Pourtant, durant mes années de lycée, qu’il pleuve ou qu’il vente, nous passions avec mes copains une heure à chaque pause de midi à disputer des parties acharnées sur la grande cour en pente et macadamée du bahut, et quand les profs de gym voulaient nous faire plaisir, ils organisaient des parties de foot : le foot en cours d’EPS, c’était comme les frites à la cantine.

Lors de mes premiers séjours en Italie, j’avais découvert que les intellectuels, même ceux qui n’avaient pas (encore) lu Gramsci à fond, prenaient bien plus qu'en France le foot au sérieux, et tel ami de l’époque (devenu plus tard un très sérieux professeur de droit constitutionnel comparé) avait pratiqué le football en cadet et junior et savait commenter et analyser mieux que beaucoup de journalistes un match de foot se déroulant sous ses yeux.

Une chose qui échappe à beaucoup d’intellectuels est que les classes populaires ne sont pas dupes des aspects les plus outranciers de la mise en scène du sport-spectacle et des mises en fric du sport-business. Un aspect révélateur de cette distanciation est qu’ils reconstruisent sans cesse des espaces où se rejoue la lutte des classes sous des formes ritualisées mais bien reconnaissables, qui reprennent inlassablement le récit de la lutte des dominés contre les dominants : ce sont ces clubs de Nème division qui chaque année vont déraisonnablement loin en Coupe de France et pour qui le public a les yeux de Chimène ; c’est l’existence dans nombre de pays de ces clubs de prolos rugueux et mal élevés que l’on oppose aux clubs des « gens biens » . L’archétype en est le 'super-clasico' Boca-River en Argentine, et d’ailleurs les joueurs de River Plate sont appelés «los millonarios », mais les polarisations Naples-Juventus en Italie, OM-PSG ou Saint Etienne-Lyon en France, Liverpool-Chelsea en Angleterre racontent tous des histoires similaires.

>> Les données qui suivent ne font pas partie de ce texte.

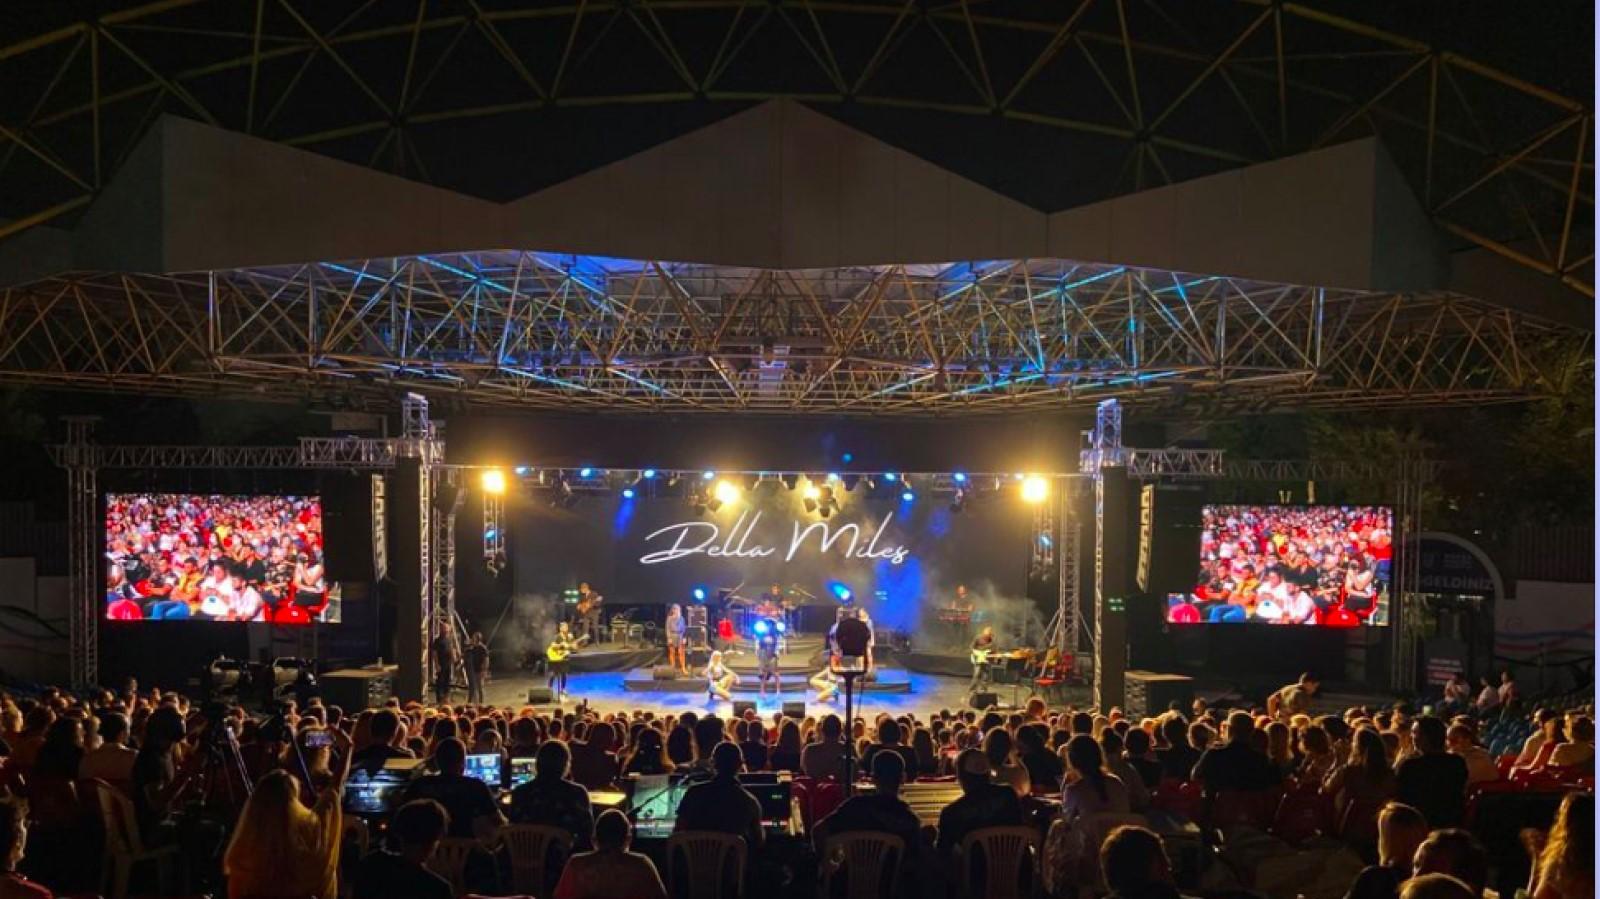 Uluslararası Bursa Festivali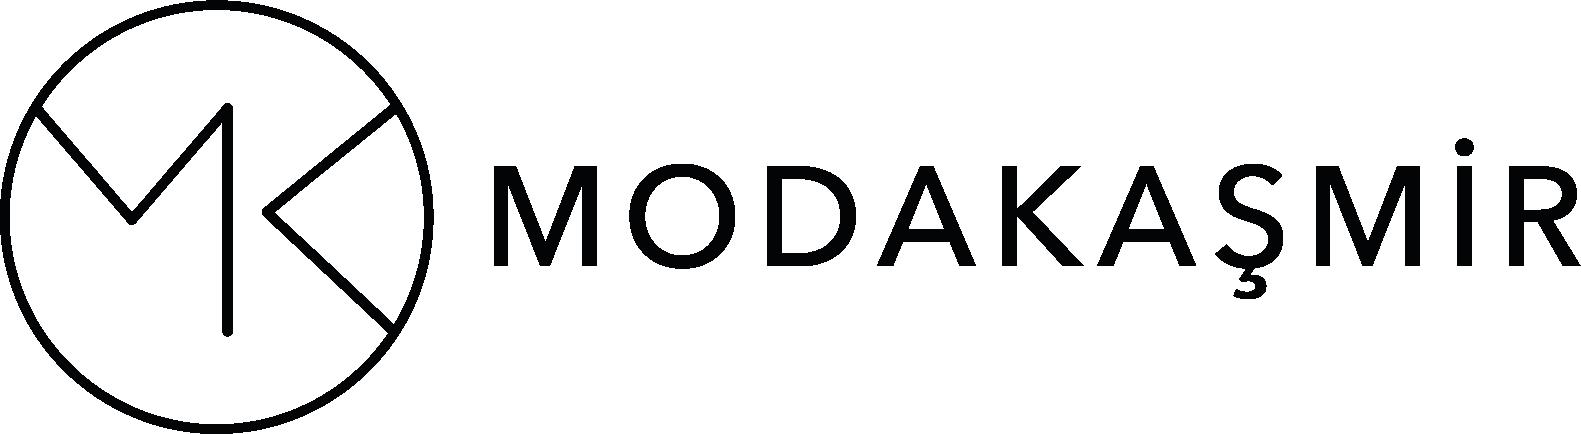 MODAKASMIR TEKSTIL E-TICARET VE PAZARLAMA LTD. STI.

Les théoriciens de l’aliénation par le sport n’y verront que fausse conscience, mais une vision plus gramscienne y trouvera les graines toujours prêtent à regermer de l’autonomie des dominés.
Une hypothèse intéressante sur les racines anthropologiques de l'intense passion que suscite le football est celle de Gérard Mendel dans La Chasse structurale ; pour lui, la lutte pour la possession du ballon réactualise l’archétype de la nécessaire coordination de nos ancêtres chasseurs-cueilleurs lors d’une chasse au gros gibier (mammouth etc.)
Mais pour mieux apprécier ce qui se joue à l’intérieur et autour du football, aussi bien dans les classes populaires que dans les milieux intellectuels, il convient surtout de quitter l’Europe et de prendre la direction de l’hémisphère sud : Brésil, Argentine, Uruguay, Chili… partout là-bas le football est une passion universelle et les intellectuels de gauche ne jugent pas au-dessus d’eux de s’y intéresser : même un béotien lira avec plaisir El futbol a sol y sombra d’Eduardo Galeano ou les chroniques footballistiques hebdomadaires de Pagina/12.